UPDATE 2: It has been suggested in the comments that the trial court and the appellate court could have reasonably disagreed about whether the Anfal campaign was genocidal, because “the trial court made the assessment that Anfal was genocide… on the basis of a single report, without examining witnesses, engaging in any sort of comprehensive investigation into Saddam & Co.’s genocidal intent etc.” That description of the trial court’s efforts is incorrect. Although the court did, in fact, take into account a report on the situation in Iraq written by the U.N.’s Special Rapporteur of the Commission on Human Rights — including, it is important to note, specifically considering a number of the original Iraqi documents contained in the report — it also took into account literally dozens of (1) statements made in court by live witnesses, (2) witness statements taken by the court’s examining magistrate, (3) witness statements taking by the Dutch national police, and (4) witness statements taken by Belgian investigating officers. That testimony documented every aspect of the Anfal campaign, including the nature of Kurdishness, the regime’s hatred of the Kurds, and the specific genocidal acts the regime committed during the campaign. I thus stand behind my contention that the appellate court did not simply disagree — reasonably or otherwise — with the trial court about the quality of prosecution’s proof, but actually believed (and so held) that the Anfal campaign did not amount to genocide.

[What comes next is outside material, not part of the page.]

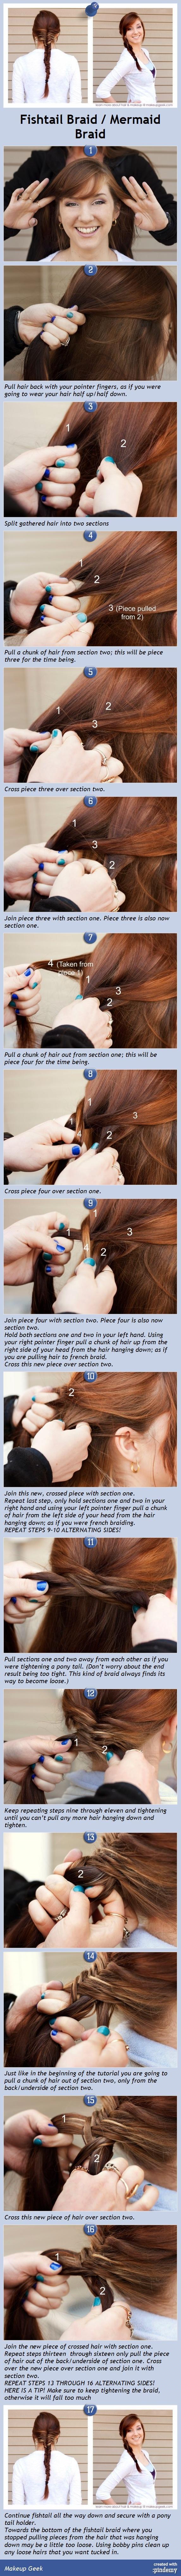 Fishtail Braid / Mermaid Braid tutorial

(To add insult to injury, Dutch courts use the lowest standard of proof of any civil-law country in Western Europe: whereas the other civilian countries use either an “intimate conviction” or a “reasonable doubt” standard, the Netherlands uses a “gained the conviction” standard. See my essay on the Iraqi High Tribunal here for a survey. A number of civil-law scholars have criticized the Dutch standard for being too low.)